[[ DATA PROVIDED, beginning ]]

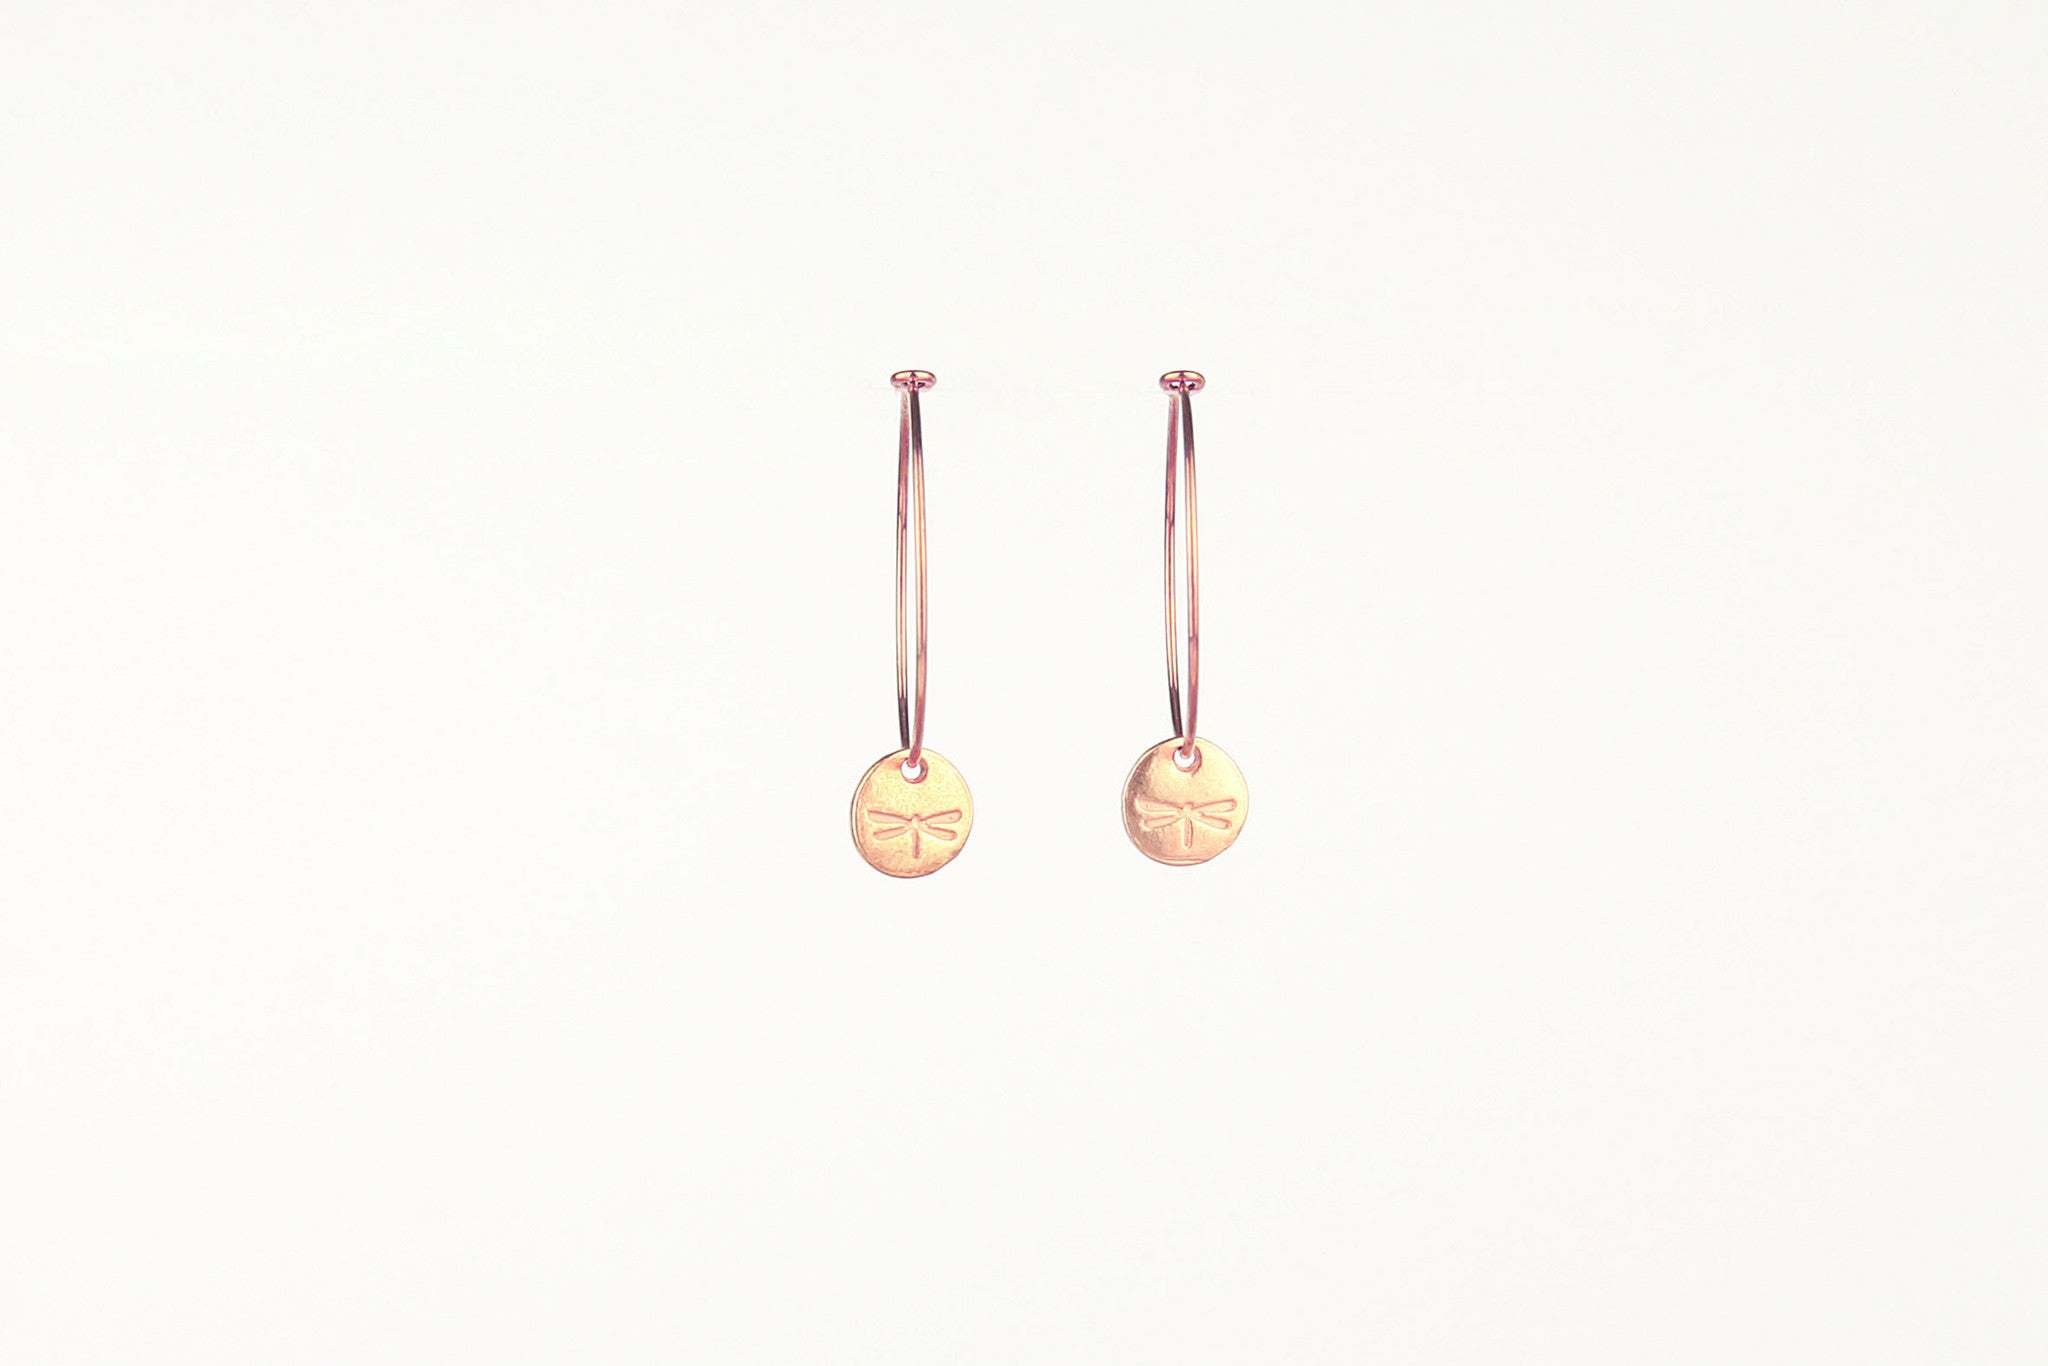 jewelberry ohrringe earrings dragonfly token hoops rose gold plated sterling silver fine jewelry handmade with love fairtrade
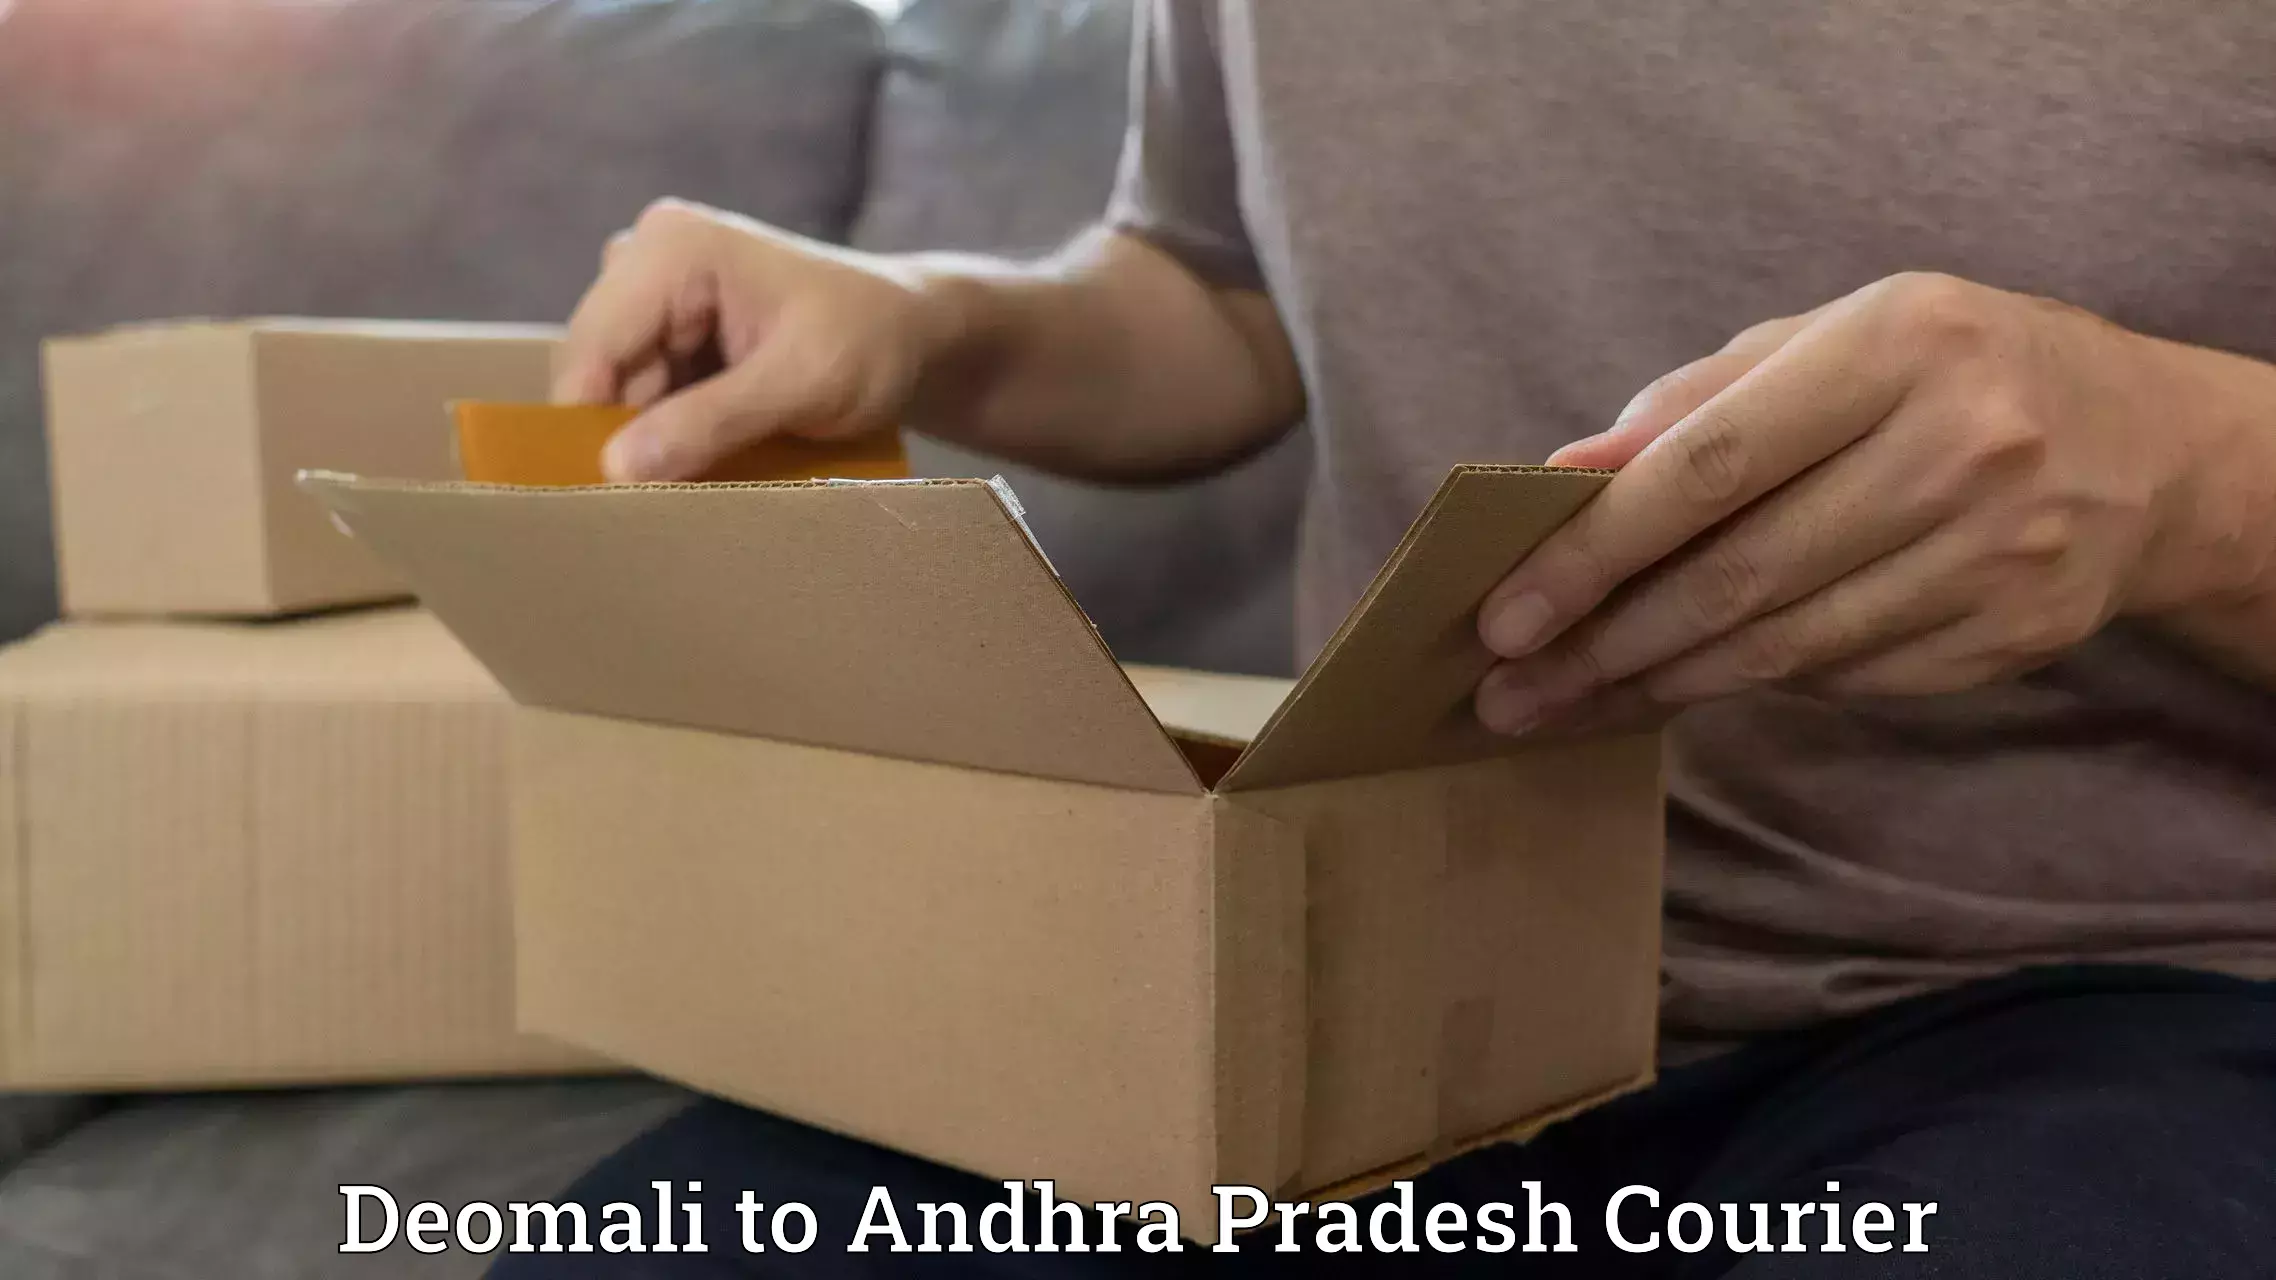 Domestic courier Deomali to Kathipudi
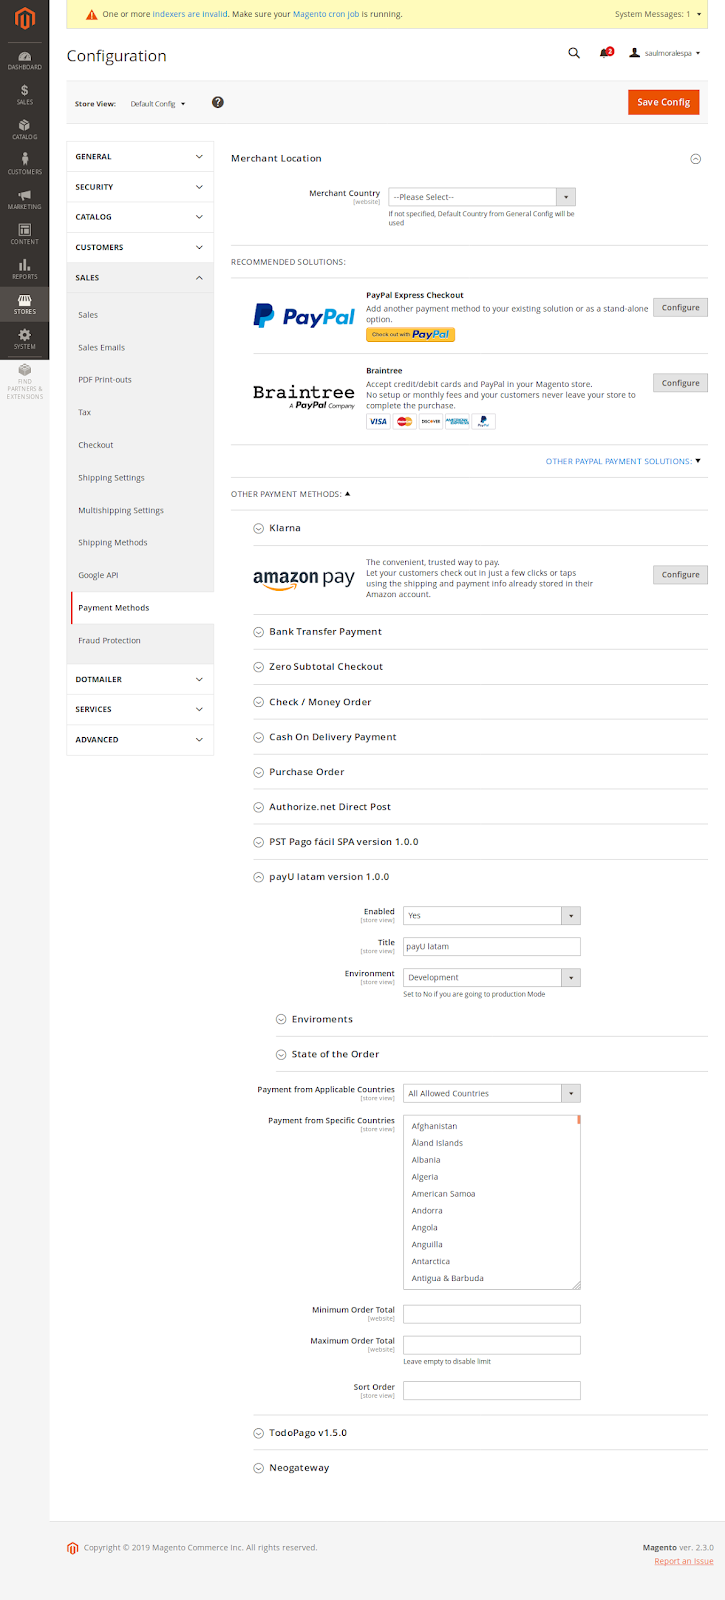 Enter the configuration menu of the payment method
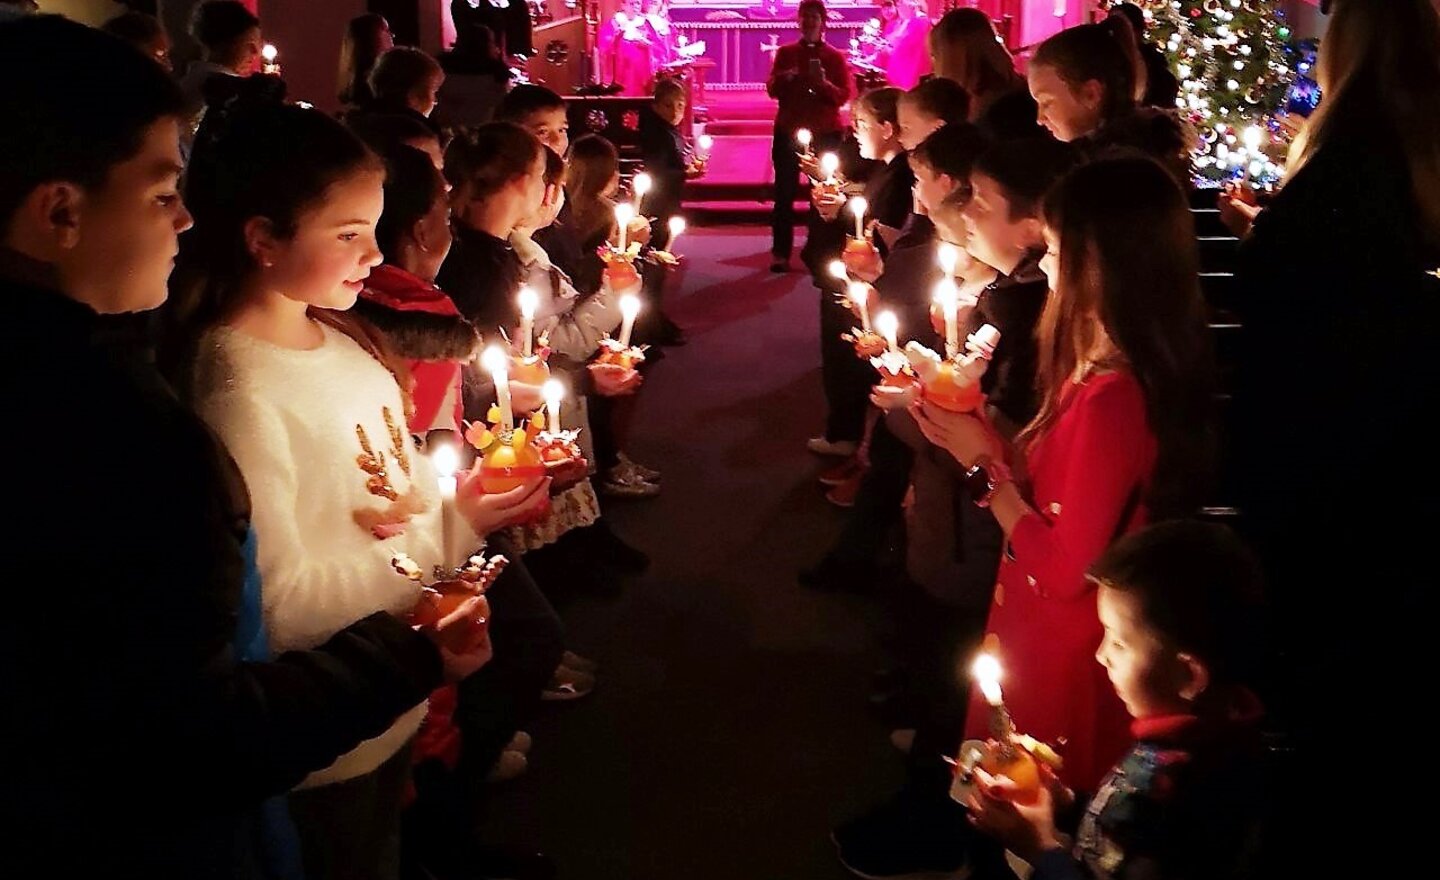 Image of Christingle Service - Part Two

[[ DATA PROVIDED, end ]]

# WHAT THE EXERCISE ASKS
This exercise asks for the data above to be given again exactly, without pictures.

# RESULT OF THE EXERCISE
 jewelberry ohrringe earrings dragonfly token hoops rose gold plated sterling silver fine jewelry handmade with love fairtrade
 Domestic courier Deomali to Kathipudi
 Enter the configuration menu of the payment method
 Image of Christingle Service - Part Two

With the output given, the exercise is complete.